# TV Apps won't launch



## wilbur_the_goose (Aug 16, 2006)

I hit the right cursor, get the "TV Apps starting" graphic and then nothing. I've had to reboot in the past to get them up again.

Is there anything I can do other than a reboot to re-enable TV Apps?

(HR20-700 with good internet connectivity - DOD works fine)


----------



## veryoldschool (Dec 10, 2006)

They're working here [just checked] so I'd look at the system information and see what the network status is. You don't need the network services to be working, but the error there may show what's going on. If I have anything but 202, then TVApps won't work.


----------



## Jimmy 440 (Nov 17, 2007)

Has anyone tried the DirecTv FaceBook Ap ? I kept trying to sign up but got eternal ERROR messages.


----------



## matt (Jan 12, 2010)

Sometimes you have to be persistent. I have had to try to start it several times to get it to actually start, even when it says starting.


----------



## hobie346 (Feb 23, 2007)

I've not been able to get TV-APPS to work for months now. I've done the reboot along with starting network services and still no TV-APPS. I've had it work twice on my boxes so I know it can work on my system; just not the time, every time. I know it sees the internet as I'm able to download OnDemand.


----------



## armchair (Jul 27, 2009)

Those of you having TV APPS problems, have you read this recent thread?

http://www.dbstalk.com/showthread.php?t=180814&highlight=error+22

Some were able to fix it with alternate DNS servers, starting at post # 13.


----------



## wilbur_the_goose (Aug 16, 2006)

armchair,
I'm actually already using alternate DNS servers. And TVApps will work fine for 2 weeks and then just stop.

Also, one identically configured "twin" HR20-700 will be working fine while the other craps out.


----------



## armchair (Jul 27, 2009)

wilbur_the_goose said:


> armchair,
> I'm actually already using alternate DNS servers. And TVApps will work fine for 2 weeks and then just stop.
> 
> Also, one identically configured "twin" HR20-700 will be working fine while the other craps out.


Sorry, but IMO, your best advice is found on post #34 of the same thread: http://www.dbstalk.com/showthread.php?p=2528661#post2528661

PM Earl and ask for help.


----------



## 24Flames (Aug 24, 2007)

I've got the same problem with my HR20-700. TV apps only work sporadically. Most of the time they don't. I've also got a HR-22 and HR-23, as well as the aforementioned HR20-700. TV apps have always worked fine, no problems, on the HR-22 and HR-23.

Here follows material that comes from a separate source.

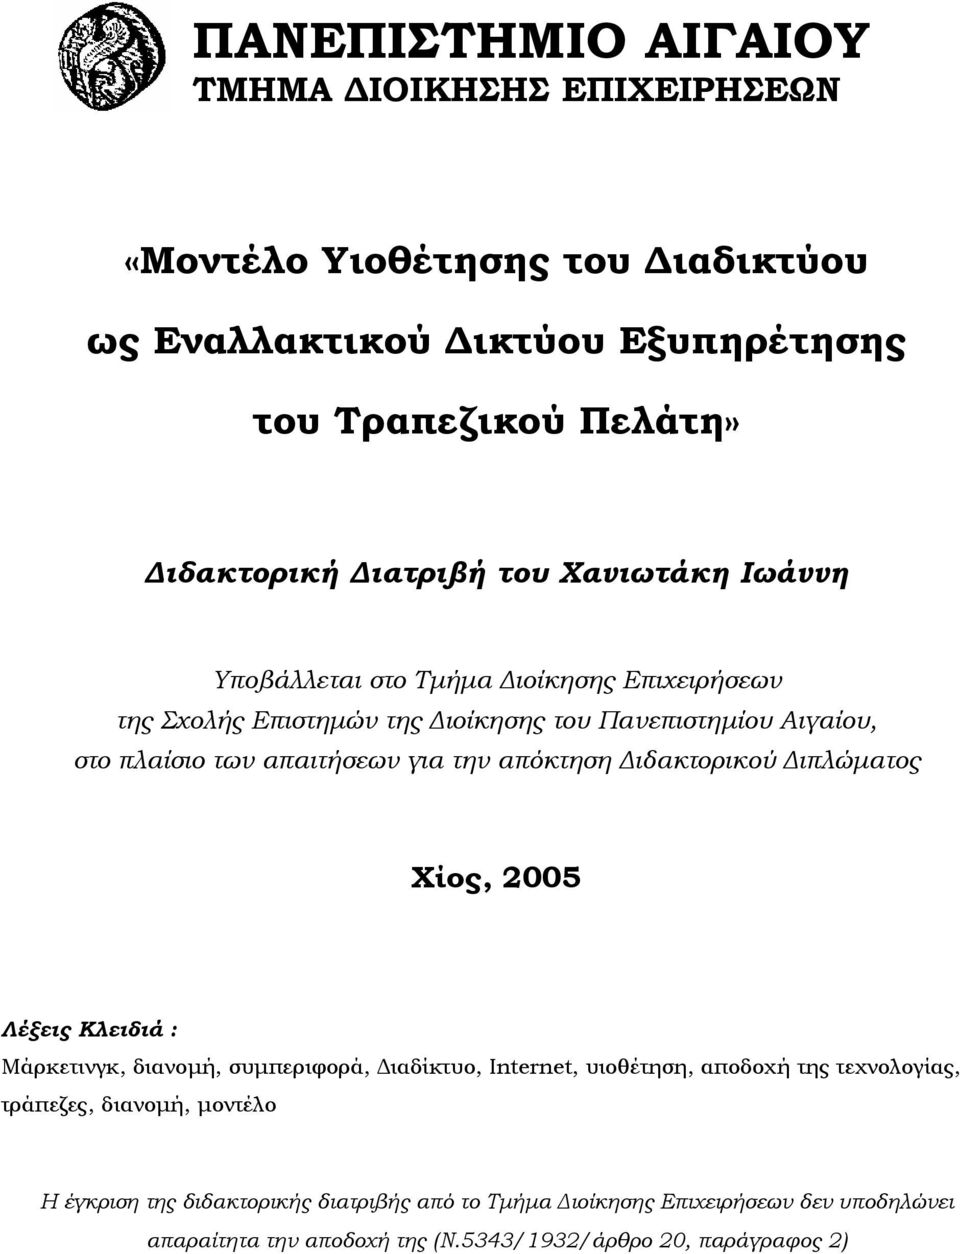 απόκτηση ιδακτορικού ιπλώµατος Χίος, 2005 Λέξεις Κλειδιά : Μάρκετινγκ, διανοµή, συµπεριφορά, ιαδίκτυο, Internet, υιοθέτηση, αποδοχή της τεχνολογίας, τράπεζες,
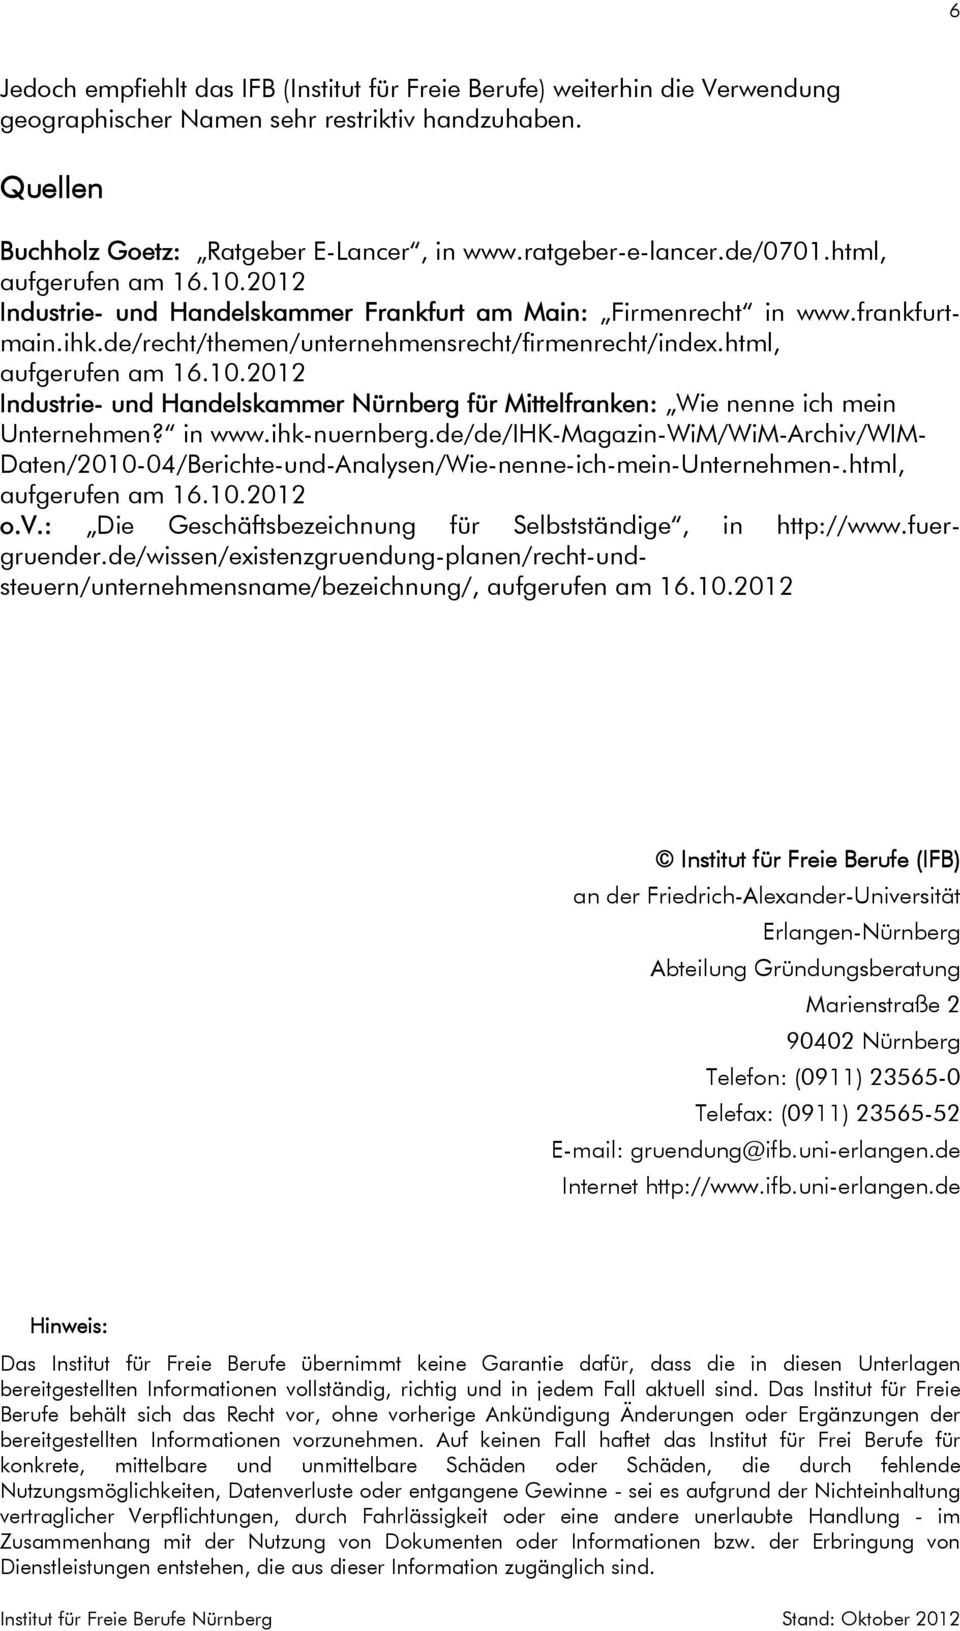 html, Industrie- und Handelskammer Nürnberg für Mittelfranken: Wie nenne ich mein Unternehmen? in www.ihk-nuernberg.

So is it some type of problem with the HR20-700? Just a guess......


----------



## RD in Fla (Aug 26, 2007)

They have never worked for me on two HR20's an H21 and an H24. I'm not on DECA but have MRV using my own network and everything else works great. And yes, I did try Earl's suggestions.


----------



## B Newt (Aug 12, 2007)

Sometimes when I click the rt button to get tv apps it will take about a minuet or more for the apps to appear on screen.


----------



## EricBergan (Apr 27, 2007)

I'm also getting the "TV Apps launching" message, which stays up for a few seconds, disappears, and nothing after that. Happens every time I hit right button.

I've triple checked, and the receiver (hr20-100) is happy with my network, connects, says it can start network services, etc. No error messages.

I have UPnP enabled on my router (dd-wrt).

I've read about problems with AT&T DNS, but I'm on a different ISP, and again, not seeing an error message.

Any other suggestions?

eric


----------